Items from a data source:

☆ ☆ ☆

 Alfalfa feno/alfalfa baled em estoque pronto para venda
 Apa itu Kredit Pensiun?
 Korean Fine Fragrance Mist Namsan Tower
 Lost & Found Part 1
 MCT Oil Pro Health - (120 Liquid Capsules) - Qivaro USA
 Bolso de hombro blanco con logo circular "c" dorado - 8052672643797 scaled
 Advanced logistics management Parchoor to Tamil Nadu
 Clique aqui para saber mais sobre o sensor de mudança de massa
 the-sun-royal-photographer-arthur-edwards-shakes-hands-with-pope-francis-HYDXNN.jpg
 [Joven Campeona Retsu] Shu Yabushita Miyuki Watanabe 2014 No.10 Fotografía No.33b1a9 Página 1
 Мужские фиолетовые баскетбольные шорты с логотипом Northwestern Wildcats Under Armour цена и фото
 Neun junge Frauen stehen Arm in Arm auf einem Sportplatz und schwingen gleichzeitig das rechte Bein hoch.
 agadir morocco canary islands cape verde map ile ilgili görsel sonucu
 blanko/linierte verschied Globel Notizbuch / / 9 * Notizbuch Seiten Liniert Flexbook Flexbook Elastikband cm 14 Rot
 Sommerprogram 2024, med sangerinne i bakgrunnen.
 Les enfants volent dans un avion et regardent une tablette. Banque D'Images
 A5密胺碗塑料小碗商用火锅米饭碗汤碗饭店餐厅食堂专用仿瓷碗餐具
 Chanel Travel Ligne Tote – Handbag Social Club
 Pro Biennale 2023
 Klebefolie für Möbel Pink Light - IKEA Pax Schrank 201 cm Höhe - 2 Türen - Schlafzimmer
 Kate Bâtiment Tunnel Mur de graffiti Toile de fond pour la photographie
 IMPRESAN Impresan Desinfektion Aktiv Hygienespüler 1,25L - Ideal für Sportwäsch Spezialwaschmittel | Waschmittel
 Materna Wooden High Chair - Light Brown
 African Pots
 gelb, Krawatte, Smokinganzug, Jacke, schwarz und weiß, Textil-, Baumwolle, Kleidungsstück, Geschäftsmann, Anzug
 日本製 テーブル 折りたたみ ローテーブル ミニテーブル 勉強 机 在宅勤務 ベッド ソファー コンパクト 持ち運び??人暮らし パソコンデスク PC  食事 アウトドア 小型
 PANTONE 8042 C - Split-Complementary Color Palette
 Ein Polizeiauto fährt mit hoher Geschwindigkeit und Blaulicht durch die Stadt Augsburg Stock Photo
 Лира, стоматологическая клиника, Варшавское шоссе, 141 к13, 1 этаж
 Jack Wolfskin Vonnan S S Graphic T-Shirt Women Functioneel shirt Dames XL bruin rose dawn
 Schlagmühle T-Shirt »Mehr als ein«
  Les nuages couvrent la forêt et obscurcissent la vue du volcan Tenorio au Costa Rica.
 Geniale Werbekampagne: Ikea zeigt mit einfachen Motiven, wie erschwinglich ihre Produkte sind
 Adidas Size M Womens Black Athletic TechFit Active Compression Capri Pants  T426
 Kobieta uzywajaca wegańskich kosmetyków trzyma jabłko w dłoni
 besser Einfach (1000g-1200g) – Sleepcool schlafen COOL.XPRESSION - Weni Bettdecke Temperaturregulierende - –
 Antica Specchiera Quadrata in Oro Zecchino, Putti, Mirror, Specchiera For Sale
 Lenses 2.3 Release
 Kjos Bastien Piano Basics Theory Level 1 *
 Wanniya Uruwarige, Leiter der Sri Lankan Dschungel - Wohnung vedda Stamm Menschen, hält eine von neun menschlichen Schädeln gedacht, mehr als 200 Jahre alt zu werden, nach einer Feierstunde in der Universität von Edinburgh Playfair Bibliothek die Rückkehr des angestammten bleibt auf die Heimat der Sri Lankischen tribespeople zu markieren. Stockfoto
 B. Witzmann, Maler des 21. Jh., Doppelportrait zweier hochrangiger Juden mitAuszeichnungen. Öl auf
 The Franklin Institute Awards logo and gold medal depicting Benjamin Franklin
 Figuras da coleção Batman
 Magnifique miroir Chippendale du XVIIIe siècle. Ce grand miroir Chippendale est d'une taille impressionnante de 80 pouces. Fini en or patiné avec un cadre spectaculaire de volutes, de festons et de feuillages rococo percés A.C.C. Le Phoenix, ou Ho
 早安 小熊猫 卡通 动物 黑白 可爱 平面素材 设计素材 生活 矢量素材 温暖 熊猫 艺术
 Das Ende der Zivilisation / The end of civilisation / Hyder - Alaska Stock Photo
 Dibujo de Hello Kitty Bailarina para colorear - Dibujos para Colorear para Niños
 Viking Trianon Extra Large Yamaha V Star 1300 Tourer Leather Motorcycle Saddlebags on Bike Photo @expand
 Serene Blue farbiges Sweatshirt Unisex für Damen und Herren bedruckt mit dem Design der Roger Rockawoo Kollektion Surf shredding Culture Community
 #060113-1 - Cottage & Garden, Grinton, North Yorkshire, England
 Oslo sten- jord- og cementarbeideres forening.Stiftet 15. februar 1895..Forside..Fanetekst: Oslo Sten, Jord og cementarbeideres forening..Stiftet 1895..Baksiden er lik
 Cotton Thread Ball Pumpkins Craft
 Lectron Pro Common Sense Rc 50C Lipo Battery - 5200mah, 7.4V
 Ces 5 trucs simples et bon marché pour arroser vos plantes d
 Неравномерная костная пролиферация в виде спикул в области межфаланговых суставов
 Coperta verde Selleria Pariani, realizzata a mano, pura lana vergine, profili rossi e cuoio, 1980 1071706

☆ ☆ ☆

#### YOUR ASSIGNMENT
Exact output of every entry is required.

#### ANSWER TO THE EXERCISE
 Alfalfa feno/alfalfa baled em estoque pronto para venda
 Apa itu Kredit Pensiun?
 Korean Fine Fragrance Mist Namsan Tower
 Lost & Found Part 1
 MCT Oil Pro Health - (120 Liquid Capsules) - Qivaro USA
 Bolso de hombro blanco con logo circular "c" dorado - 8052672643797 scaled
 Advanced logistics management Parchoor to Tamil Nadu
 Clique aqui para saber mais sobre o sensor de mudança de massa
 the-sun-royal-photographer-arthur-edwards-shakes-hands-with-pope-francis-HYDXNN.jpg
 [Joven Campeona Retsu] Shu Yabushita Miyuki Watanabe 2014 No.10 Fotografía No.33b1a9 Página 1
 Мужские фиолетовые баскетбольные шорты с логотипом Northwestern Wildcats Under Armour цена и фото
 Neun junge Frauen stehen Arm in Arm auf einem Sportplatz und schwingen gleichzeitig das rechte Bein hoch.
 agadir morocco canary islands cape verde map ile ilgili görsel sonucu
 blanko/linierte verschied Globel Notizbuch / / 9 * Notizbuch Seiten Liniert Flexbook Flexbook Elastikband cm 14 Rot
 Sommerprogram 2024, med sangerinne i bakgrunnen.
 Les enfants volent dans un avion et regardent une tablette. Banque D'Images
 A5密胺碗塑料小碗商用火锅米饭碗汤碗饭店餐厅食堂专用仿瓷碗餐具
 Chanel Travel Ligne Tote – Handbag Social Club
 Pro Biennale 2023
 Klebefolie für Möbel Pink Light - IKEA Pax Schrank 201 cm Höhe - 2 Türen - Schlafzimmer
 Kate Bâtiment Tunnel Mur de graffiti Toile de fond pour la photographie
 IMPRESAN Impresan Desinfektion Aktiv Hygienespüler 1,25L - Ideal für Sportwäsch Spezialwaschmittel | Waschmittel
 Materna Wooden High Chair - Light Brown
 African Pots
 gelb, Krawatte, Smokinganzug, Jacke, schwarz und weiß, Textil-, Baumwolle, Kleidungsstück, Geschäftsmann, Anzug
 日本製 テーブル 折りたたみ ローテーブル ミニテーブル 勉強 机 在宅勤務 ベッド ソファー コンパクト 持ち運び??人暮らし パソコンデスク PC  食事 アウトドア 小型
 PANTONE 8042 C - Split-Complementary Color Palette
 Ein Polizeiauto fährt mit hoher Geschwindigkeit und Blaulicht durch die Stadt Augsburg Stock Photo
 Лира, стоматологическая клиника, Варшавское шоссе, 141 к13, 1 этаж
 Jack Wolfskin Vonnan S S Graphic T-Shirt Women Functioneel shirt Dames XL bruin rose dawn
 Schlagmühle T-Shirt »Mehr als ein«
  Les nuages couvrent la forêt et obscurcissent la vue du volcan Tenorio au Costa Rica.
 Geniale Werbekampagne: Ikea zeigt mit einfachen Motiven, wie erschwinglich ihre Produkte sind
 Adidas Size M Womens Black Athletic TechFit Active Compression Capri Pants  T426
 Kobieta uzywajaca wegańskich kosmetyków trzyma jabłko w dłoni
 besser Einfach (1000g-1200g) – Sleepcool schlafen COOL.XPRESSION - Weni Bettdecke Temperaturregulierende - –
 Antica Specchiera Quadrata in Oro Zecchino, Putti, Mirror, Specchiera For Sale
 Lenses 2.3 Release
 Kjos Bastien Piano Basics Theory Level 1 *
 Wanniya Uruwarige, Leiter der Sri Lankan Dschungel - Wohnung vedda Stamm Menschen, hält eine von neun menschlichen Schädeln gedacht, mehr als 200 Jahre alt zu werden, nach einer Feierstunde in der Universität von Edinburgh Playfair Bibliothek die Rückkehr des angestammten bleibt auf die Heimat der Sri Lankischen tribespeople zu markieren. Stockfoto
 B. Witzmann, Maler des 21. Jh., Doppelportrait zweier hochrangiger Juden mitAuszeichnungen. Öl auf
 The Franklin Institute Awards logo and gold medal depicting Benjamin Franklin
 Figuras da coleção Batman
 Magnifique miroir Chippendale du XVIIIe siècle. Ce grand miroir Chippendale est d'une taille impressionnante de 80 pouces. Fini en or patiné avec un cadre spectaculaire de volutes, de festons et de feuillages rococo percés A.C.C. Le Phoenix, ou Ho
 早安 小熊猫 卡通 动物 黑白 可爱 平面素材 设计素材 生活 矢量素材 温暖 熊猫 艺术
 Das Ende der Zivilisation / The end of civilisation / Hyder - Alaska Stock Photo
 Dibujo de Hello Kitty Bailarina para colorear - Dibujos para Colorear para Niños
 Viking Trianon Extra Large Yamaha V Star 1300 Tourer Leather Motorcycle Saddlebags on Bike Photo @expand
 Serene Blue farbiges Sweatshirt Unisex für Damen und Herren bedruckt mit dem Design der Roger Rockawoo Kollektion Surf shredding Culture Community
 #060113-1 - Cottage & Garden, Grinton, North Yorkshire, England
 Oslo sten- jord- og cementarbeideres forening.Stiftet 15. februar 1895..Forside..Fanetekst: Oslo Sten, Jord og cementarbeideres forening..Stiftet 1895..Baksiden er lik
 Cotton Thread Ball Pumpkins Craft
 Lectron Pro Common Sense Rc 50C Lipo Battery - 5200mah, 7.4V
 Ces 5 trucs simples et bon marché pour arroser vos plantes d
 Неравномерная костная пролиферация в виде спикул в области межфаланговых суставов
 Coperta verde Selleria Pariani, realizzata a mano, pura lana vergine, profili rossi e cuoio, 1980 1071706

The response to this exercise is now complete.